Revelation presents interpretation problems because of its imagery. Most prophecy and I don't think many people really realize this, but when you go back and you page through Old Testament prophecy in your Bible, you won't realize unless you perhaps have one of the newer translations that lays it out in line form, that most of that prophecy is not prose, it is poetry, and it follows the rules of poetry in a sense, in that it uses poetic images.

In fact, one of the prophets in the old time, they brought this seer in before the king, and he said "We want to know and you have to prophesy for us." He said, "I can't prophesy because I have no musician." They had to go around the palace and get somebody to play an instrument so that this prophet could actually prophesy (2 Kings 3:15).

These prophecies were often sung, and so what this looked for, often times in prophecy, is the evocation of a feeling, of an emotion, a response in a person, rather than just a simple exposition. Well let's see, "In 1335 days, the city is going to collapse in a great earthquake, and telling people what is going to happen in the future."

What a prophet is doing, and to some extent this is true in Revelation, is trying to reach down into the wellspring of the things that make a person work, that affects the way he thinks, that affects the way he does things, and it interacts with the world around him, and so consequently the prophets will choose images that might be a little strange to us but if we had lived in their own time, we might respond very well to them.
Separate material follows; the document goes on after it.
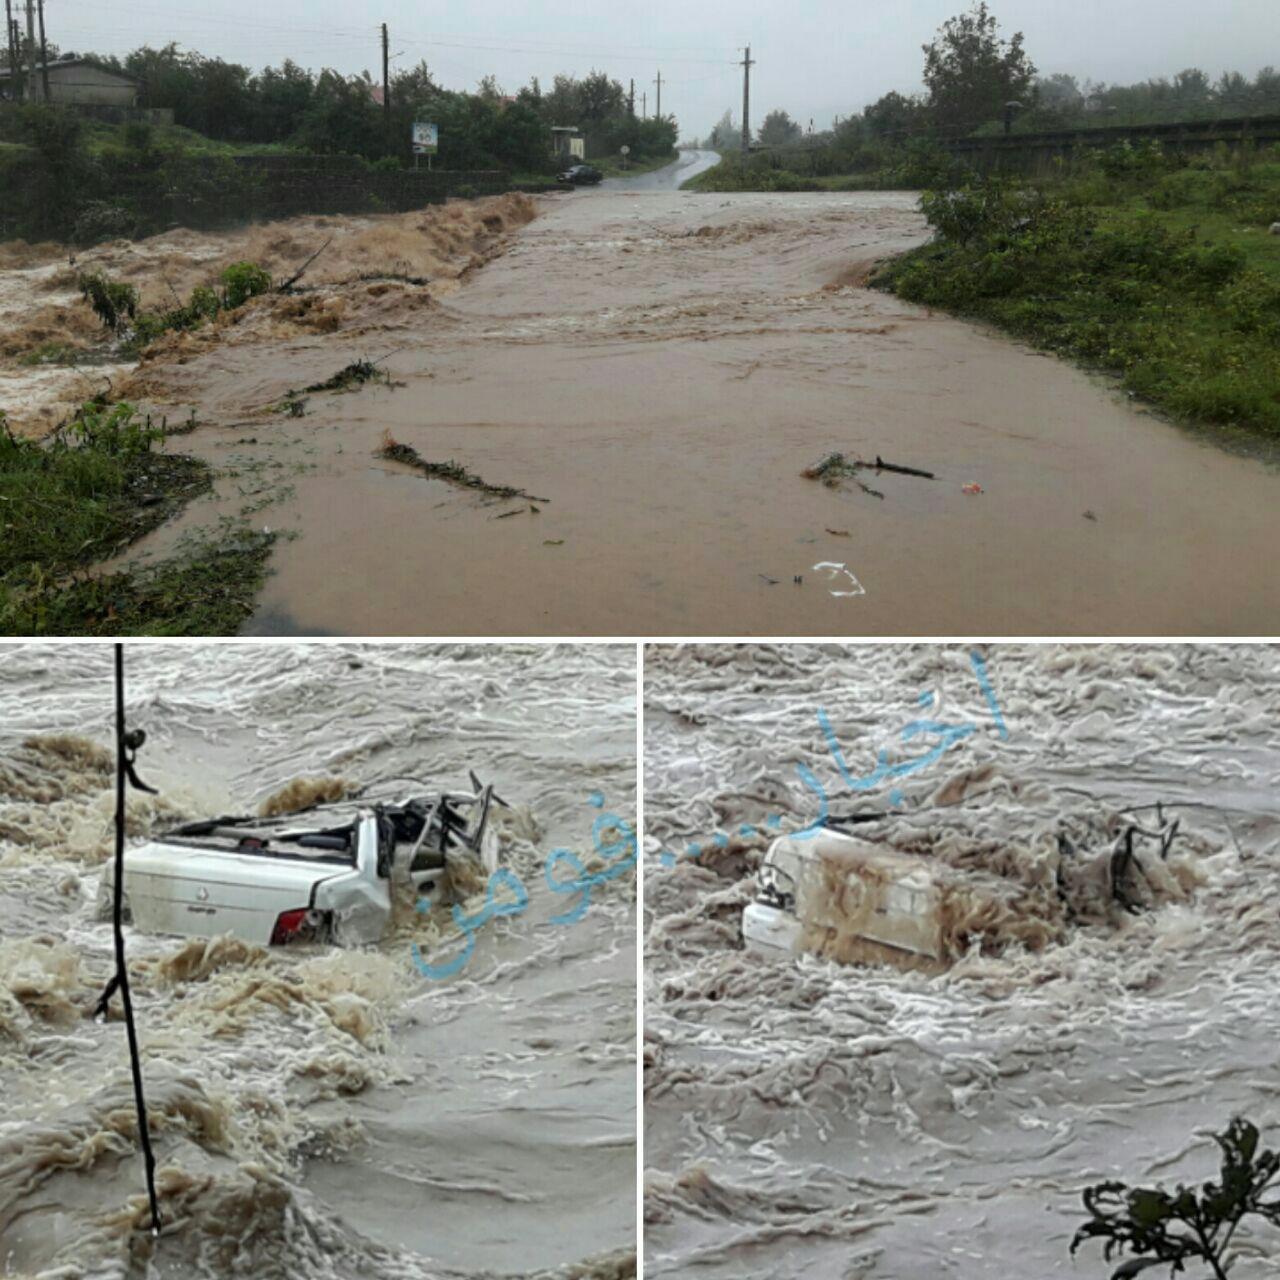 سقوط پراید در رودخانه روستای رودبارچیره شهرستان فومن/سرعت بالای آب استفاده از قایقهای امدادی را غیر ممکن ساخت

For example, when a prophet gets ready to tell us that something is evil, he could say, "Well this is a very evil system that were dealing with here," or he could come along and say, "In my vision, I saw a woman clothed in purple and drunken with the blood of the saints of God." The image that is drawn here is much more vivid and much more striking than just simply saying "Well this is an evil system and you really should stay away from it."

Revelation Presents Images

Revelation presents images. What is a candlestick supposed to mean, if you're reading along in Revelation and it says here's a candlestick or here's a lampstand? And what are these strange beasts and creatures described therein? Theoretically at least, we ought to assume that there is a meaning to them, that it is poetry, that we ought to be able to read it and grasp somehow from the images that we find therein, what exactly it is that this prophet is talking about.

Scriptures Read

Now the chances are that people to whom revelation was first read had far less difficulty with this than you and I might have. I say read because most of the Scriptures in most circumstances going all the way back even to the synagogue and the preachers who came by a synagogue and sat in the synagogue and spoke to people, they would oftentimes have the Scriptures read before they spoke. Many of the people in the audience were illiterate If they had a Bible they couldn't read it. But when you realize that every single Scripture, or a copy of the Scriptures had to be hand written painstakingly, you realize there were very few copies around, so most letters were read, you didn't just hand it to somebody and say "Read this." Somebody stood before the congregation and actually read it to them.

Now the people who sat in the churches and heard Revelation read, probably had a lot less difficulty with the symbolism and the imagery than we have. They spoke the language. They understood the idioms, they even recognize the symbolism.

Let Imagery Speak To You

Now this suggests that you and I, some 2000 years later, with a different language, a different culture, different circumstances are going to have to work harder than those people had to work to understand what the book of Revelation is all about.

We may find it difficult also because we don't understand that prophecy is really heavily into this type of imagery and symbolism. We have to learn to let the imagery speak to us. We have to learn to let it evoke the feelings in us that Jesus intended to convey.

God Didn't Intend Everyone to Understand

Another reason we may find revelation difficult is because God didn't intend for everyone to understand it. Now wait a minute, didn't I just say that the book of Revelation is out there to show us things are going to come to pass. Well 'us' is relative. What He said was, "To show unto His servants, things which must shortly come to pass." He did not say everybody! Now that is a little sobering. Not everyone necessarily was expected to understand the book of Revelation. His servants were expected to understand it.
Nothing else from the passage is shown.